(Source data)
· · · · · · ·

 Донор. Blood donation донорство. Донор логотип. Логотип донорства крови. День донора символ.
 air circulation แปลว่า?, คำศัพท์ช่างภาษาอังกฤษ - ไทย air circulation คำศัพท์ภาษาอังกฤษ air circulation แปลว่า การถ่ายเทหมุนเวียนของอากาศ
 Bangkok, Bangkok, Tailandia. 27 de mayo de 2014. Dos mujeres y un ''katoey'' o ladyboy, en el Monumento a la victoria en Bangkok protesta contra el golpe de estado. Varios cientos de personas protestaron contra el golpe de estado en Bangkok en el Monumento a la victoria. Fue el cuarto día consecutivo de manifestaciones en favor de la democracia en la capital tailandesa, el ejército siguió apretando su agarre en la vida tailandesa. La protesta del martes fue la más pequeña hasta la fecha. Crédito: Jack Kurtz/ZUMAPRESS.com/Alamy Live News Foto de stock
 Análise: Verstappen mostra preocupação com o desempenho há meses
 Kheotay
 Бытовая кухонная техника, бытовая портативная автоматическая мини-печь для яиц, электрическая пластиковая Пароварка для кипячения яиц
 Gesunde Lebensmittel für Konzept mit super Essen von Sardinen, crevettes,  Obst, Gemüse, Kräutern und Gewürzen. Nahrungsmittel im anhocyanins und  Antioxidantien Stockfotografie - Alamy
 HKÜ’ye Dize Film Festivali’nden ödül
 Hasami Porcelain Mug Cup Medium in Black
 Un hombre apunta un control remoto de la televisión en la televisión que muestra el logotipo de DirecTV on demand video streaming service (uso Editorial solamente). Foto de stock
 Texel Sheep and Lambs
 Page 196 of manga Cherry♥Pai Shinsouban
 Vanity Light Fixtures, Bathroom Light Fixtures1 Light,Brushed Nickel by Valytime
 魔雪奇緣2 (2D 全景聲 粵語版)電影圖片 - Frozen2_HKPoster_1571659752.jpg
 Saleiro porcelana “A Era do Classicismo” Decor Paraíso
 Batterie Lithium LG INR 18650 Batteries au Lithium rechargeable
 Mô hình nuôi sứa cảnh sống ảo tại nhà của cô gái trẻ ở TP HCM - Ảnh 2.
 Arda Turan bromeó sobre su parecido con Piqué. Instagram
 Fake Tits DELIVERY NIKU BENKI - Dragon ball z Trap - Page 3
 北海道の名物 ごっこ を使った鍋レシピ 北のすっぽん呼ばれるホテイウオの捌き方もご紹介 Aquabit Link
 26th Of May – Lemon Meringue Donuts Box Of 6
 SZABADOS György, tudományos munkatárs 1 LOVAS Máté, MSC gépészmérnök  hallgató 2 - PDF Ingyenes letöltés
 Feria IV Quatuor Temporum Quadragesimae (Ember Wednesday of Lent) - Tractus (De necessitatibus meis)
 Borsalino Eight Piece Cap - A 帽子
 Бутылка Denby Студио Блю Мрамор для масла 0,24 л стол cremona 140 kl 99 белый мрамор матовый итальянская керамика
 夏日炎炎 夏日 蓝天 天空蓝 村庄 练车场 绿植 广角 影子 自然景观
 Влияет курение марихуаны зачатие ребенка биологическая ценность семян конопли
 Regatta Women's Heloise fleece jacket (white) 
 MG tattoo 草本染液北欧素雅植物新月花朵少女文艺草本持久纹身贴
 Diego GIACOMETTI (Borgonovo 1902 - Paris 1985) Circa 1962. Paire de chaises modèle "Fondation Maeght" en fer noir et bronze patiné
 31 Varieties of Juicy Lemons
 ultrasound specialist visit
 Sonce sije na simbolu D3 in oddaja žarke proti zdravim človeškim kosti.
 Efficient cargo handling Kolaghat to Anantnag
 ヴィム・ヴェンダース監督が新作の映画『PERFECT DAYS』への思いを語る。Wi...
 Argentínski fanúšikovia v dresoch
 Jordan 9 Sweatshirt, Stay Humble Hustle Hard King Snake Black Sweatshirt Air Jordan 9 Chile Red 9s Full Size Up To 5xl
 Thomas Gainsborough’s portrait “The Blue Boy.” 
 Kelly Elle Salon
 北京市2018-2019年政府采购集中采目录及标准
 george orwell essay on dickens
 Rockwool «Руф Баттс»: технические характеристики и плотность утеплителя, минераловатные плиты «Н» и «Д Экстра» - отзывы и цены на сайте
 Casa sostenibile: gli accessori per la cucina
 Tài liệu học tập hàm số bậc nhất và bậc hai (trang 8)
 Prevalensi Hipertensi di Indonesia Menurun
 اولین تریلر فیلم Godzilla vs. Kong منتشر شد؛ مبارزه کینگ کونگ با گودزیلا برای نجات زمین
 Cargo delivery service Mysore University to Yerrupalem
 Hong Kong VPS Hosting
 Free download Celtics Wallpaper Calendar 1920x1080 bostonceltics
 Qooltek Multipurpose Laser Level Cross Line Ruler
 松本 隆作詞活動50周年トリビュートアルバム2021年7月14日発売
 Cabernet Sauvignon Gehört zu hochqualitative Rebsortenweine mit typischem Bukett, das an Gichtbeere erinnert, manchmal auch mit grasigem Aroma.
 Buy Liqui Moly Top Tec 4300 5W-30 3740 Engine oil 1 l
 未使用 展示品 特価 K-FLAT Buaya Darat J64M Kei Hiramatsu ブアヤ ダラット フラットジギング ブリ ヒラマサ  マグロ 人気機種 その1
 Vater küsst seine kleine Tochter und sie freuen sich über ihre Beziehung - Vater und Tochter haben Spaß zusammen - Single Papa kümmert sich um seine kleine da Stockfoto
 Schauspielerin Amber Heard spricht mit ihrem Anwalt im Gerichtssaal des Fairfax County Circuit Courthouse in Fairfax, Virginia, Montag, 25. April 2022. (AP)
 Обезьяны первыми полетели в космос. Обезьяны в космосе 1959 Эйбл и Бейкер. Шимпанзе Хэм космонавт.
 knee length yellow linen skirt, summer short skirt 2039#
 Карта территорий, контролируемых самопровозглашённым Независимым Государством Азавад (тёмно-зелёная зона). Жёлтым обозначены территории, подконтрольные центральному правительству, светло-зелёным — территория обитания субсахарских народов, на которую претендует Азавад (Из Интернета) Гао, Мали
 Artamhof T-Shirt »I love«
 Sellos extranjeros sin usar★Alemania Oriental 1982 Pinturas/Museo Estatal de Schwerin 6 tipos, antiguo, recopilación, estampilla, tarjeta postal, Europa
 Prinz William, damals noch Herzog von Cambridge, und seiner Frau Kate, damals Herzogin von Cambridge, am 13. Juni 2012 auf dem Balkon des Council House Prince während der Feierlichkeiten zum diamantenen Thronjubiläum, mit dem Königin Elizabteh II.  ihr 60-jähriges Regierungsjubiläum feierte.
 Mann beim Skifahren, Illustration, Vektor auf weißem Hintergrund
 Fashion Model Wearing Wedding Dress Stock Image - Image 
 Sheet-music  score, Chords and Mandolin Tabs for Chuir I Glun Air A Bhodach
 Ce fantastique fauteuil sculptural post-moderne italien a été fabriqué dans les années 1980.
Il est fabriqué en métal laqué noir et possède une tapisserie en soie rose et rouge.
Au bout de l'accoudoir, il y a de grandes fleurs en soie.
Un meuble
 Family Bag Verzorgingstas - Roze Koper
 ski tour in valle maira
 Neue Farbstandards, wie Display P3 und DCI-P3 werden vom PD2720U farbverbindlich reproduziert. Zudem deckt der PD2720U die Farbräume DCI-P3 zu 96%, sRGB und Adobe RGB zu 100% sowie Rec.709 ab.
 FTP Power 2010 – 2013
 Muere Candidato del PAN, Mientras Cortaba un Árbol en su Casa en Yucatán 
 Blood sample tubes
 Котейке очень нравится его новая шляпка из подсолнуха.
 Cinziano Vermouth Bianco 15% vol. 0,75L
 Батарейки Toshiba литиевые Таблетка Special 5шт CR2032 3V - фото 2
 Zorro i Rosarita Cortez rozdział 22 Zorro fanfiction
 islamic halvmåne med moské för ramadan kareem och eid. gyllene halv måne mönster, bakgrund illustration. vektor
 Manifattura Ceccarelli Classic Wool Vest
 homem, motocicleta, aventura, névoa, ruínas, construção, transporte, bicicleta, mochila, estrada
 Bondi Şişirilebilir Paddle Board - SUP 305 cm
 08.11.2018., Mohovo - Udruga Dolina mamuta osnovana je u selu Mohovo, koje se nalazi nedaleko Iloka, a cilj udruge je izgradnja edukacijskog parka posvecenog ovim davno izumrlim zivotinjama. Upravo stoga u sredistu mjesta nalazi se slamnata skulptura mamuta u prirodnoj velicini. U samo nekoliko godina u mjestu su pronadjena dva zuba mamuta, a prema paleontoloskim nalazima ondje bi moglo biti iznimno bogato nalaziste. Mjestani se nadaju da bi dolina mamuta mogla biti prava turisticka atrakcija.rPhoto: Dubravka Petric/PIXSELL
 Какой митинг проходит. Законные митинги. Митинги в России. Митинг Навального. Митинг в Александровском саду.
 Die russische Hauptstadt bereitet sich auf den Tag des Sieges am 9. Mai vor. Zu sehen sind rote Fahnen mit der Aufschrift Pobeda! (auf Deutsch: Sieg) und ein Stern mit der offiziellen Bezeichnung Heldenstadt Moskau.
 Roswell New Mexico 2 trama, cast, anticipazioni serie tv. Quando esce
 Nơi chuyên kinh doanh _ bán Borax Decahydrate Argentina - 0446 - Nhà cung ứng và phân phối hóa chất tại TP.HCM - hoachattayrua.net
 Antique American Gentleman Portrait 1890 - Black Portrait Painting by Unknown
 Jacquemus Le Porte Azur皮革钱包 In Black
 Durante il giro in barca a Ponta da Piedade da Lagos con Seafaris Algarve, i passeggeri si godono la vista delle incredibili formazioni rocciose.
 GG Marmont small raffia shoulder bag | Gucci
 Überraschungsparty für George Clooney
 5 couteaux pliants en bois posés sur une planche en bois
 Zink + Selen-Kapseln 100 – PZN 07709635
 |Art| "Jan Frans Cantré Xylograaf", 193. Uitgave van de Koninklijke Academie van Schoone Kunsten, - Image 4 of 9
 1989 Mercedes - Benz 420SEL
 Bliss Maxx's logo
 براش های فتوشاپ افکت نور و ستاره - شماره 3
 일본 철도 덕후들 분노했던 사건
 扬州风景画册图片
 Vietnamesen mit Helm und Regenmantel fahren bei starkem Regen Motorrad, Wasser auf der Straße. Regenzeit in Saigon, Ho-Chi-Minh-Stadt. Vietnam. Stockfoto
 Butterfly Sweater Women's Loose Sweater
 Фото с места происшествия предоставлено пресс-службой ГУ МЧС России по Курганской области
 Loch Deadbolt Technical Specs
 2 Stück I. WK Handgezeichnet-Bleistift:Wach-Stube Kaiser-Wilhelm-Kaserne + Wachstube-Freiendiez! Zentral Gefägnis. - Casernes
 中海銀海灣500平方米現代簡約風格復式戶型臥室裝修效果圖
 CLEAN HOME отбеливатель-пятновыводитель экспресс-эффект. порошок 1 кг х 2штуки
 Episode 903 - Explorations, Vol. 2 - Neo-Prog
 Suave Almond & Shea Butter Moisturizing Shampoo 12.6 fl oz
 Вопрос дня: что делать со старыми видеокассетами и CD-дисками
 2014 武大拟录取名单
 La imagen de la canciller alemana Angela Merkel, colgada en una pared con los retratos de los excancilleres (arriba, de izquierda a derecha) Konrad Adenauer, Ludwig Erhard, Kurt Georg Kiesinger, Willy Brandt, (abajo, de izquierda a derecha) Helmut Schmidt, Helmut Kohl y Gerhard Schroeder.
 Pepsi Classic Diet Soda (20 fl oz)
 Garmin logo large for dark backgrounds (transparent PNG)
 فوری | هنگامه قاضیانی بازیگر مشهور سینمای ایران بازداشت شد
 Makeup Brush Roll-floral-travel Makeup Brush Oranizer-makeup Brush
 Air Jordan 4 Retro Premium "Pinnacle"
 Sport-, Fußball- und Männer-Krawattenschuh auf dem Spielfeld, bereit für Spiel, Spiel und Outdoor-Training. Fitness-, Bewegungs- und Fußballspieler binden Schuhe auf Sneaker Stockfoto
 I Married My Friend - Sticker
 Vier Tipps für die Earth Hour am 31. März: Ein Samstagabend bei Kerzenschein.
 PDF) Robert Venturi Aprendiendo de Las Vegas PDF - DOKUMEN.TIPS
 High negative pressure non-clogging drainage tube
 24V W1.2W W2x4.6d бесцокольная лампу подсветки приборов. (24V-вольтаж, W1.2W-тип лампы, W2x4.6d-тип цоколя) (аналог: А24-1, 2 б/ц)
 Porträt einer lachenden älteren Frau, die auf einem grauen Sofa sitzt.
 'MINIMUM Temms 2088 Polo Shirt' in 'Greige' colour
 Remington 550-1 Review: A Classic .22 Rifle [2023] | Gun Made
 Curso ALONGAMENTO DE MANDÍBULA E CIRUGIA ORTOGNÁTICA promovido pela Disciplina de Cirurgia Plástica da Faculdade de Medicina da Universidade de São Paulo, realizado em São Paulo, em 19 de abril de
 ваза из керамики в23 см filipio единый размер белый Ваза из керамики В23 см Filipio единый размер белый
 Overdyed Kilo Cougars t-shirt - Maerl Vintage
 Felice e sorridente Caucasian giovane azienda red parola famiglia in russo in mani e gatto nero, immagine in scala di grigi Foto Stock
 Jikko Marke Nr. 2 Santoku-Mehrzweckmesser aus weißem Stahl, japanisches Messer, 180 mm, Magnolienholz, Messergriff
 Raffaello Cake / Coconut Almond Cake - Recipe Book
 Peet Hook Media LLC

· · · · · · ·

Every line in the data above that contains the word "Jordan" should be copied.

◆ **TASK RESPONSE**
 Jordan 9 Sweatshirt, Stay Humble Hustle Hard King Snake Black Sweatshirt Air Jordan 9 Chile Red 9s Full Size Up To 5xl
 Air Jordan 4 Retro Premium "Pinnacle"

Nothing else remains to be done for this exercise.